Built with Fury. Maintained with Calm.

An open-source, actively developed companion app for Riftbound, League of Legends' trading card game. Track your collection, build decks, trade, and more.

Live and free to use at openrift.app, no install required. This repository is the code that runs it.

OpenRift card browser

What it does

  • Comprehensive catalog. The biggest catalog I know of (dated comparison): almost all English cards and promos, plus many Chinese cards. French isn't in yet, unfortunately.
  • Accurate price tracking. Daily prices from TCGplayer, Cardmarket, and CardTrader, side by side, with history charts.
  • One card, one place. Collections map to the real world: a deck box, a binder, a card lent to a friend. Each copy lives in exactly one, so the app always mirrors what's actually on your shelf.
  • Wishlists and tradelists. Track the cards you want and the spares you'd part with, and share either by link with anyone. Lists can also fill themselves from rules (a playset of every card, every surplus common beyond two playsets) and stay current on their own.
  • Private groups. Form a small group with friends or your local game store, with collections owned by the whole group, a view into each member's own collections, and trade matching that surfaces who has the cards you're after. My play group runs a shared "bulk box" of spare cards this way: take a card home, mark it in OpenRift, and it moves from the group pool into your own collection. No other Riftbound site does this.
  • Your decks, your rules. Validate against official and custom formats, or build freeform with no limits at all. Energy curves, deck codes, per-matchup plans, and a list of what you're still missing so you can proxy or buy the rest. Start building without signing in, and share a deck as a link that unfurls into a full visual decklist.
  • A full toolbox. Pack opener, card designer, tournament tools, and a searchable rules reference are all built in with more to come.
  • Private and open. Zero third-party trackers, just cookie-free Umami analytics.

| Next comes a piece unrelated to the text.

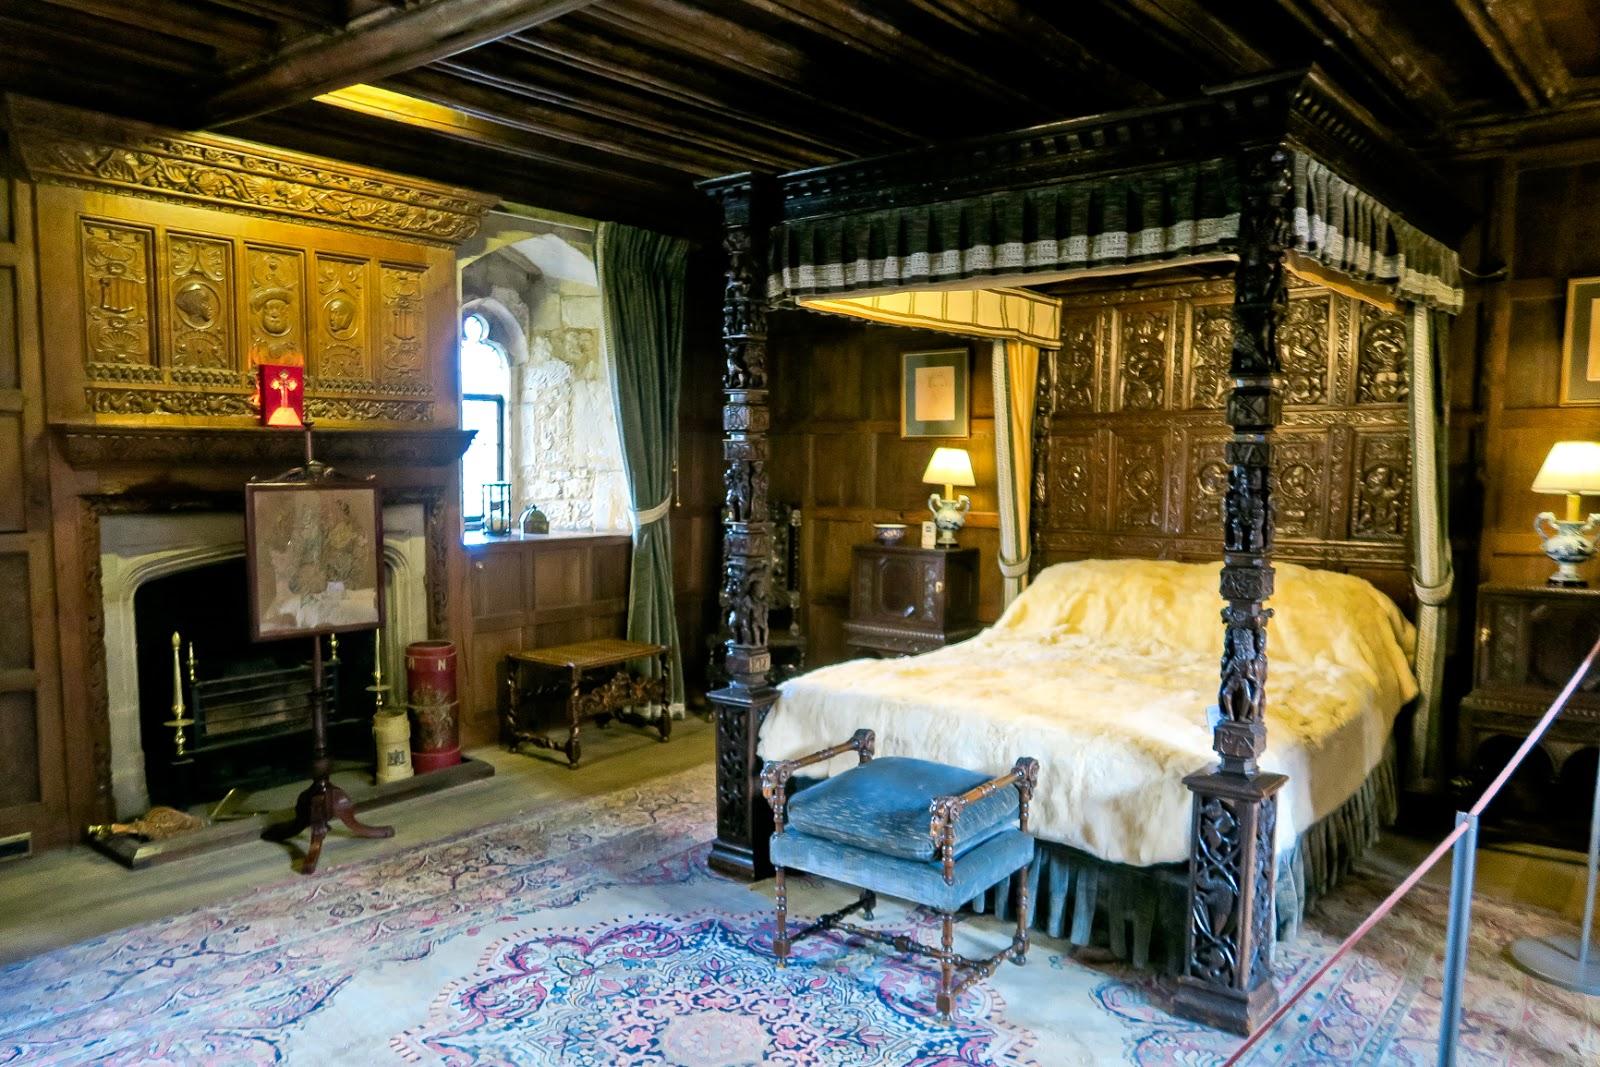 Spending the Night At Hever Castle, Hever Castle, Anne Boleyn's Childhood Home, Anne Boleyn, King Henry VIII, Jousting, English History, Royal Tudor Places

Open source under AGPL-3.0, with import and export options, so your data is never locked in.

There is plenty more on the public roadmap and I like to get feedback about what would make this app even better for you.

What it doesn't do

Some things are left out on purpose, each for a reason.

  • No ads, because nobody has ever wished a page had more ads on it. If I ever monetize beyond donations and affiliate links, I promise it'll be in a way I'd be happy with as a user myself. The ideas I have in mind would add value rather than take anything away from you.
  • No forums, because moderation is a full-time job I don't have time for.
  • No AI deck suggestions, because as good as AI is at some things, deck-building today isn't one of them.

For where OpenRift stands against the alternatives, and what it has today versus what it doesn't, see the honest comparison.

Why

I wanted to track my collection, and nothing I tried fit. I used the existing trackers for months, and each one was missing something I needed. So I built the tool I wanted, and it has grown into the app my play group and I use every day. A good part of the roadmap started as their feature requests.

I know: the world didn't ask for yet another collection tracker. But none of the existing ones are open source, so improving them from the outside wasn't an option. This one is, and it imports from and exports to the formats the other tools use, so you can bring your collection over in minutes, and take it back out just as easily.

If you want to talk about OpenRift there's a Discord.

For developers

OpenRift is a TypeScript monorepo: a TanStack Start + shadcn/ui frontend (apps/web), a Hono API on Bun (apps/api), and PostgreSQL accessed through Kysely.

  • Architecture covers the monorepo structure, packages, and infrastructure.
  • Data Layer documents the database schema and API endpoints.
  • Development lists the prerequisites, setup, and commands.
  • Deployment walks through VPS setup, Docker Compose, and CI/CD.
  • Contributing explains code style, conventions, and the changelog.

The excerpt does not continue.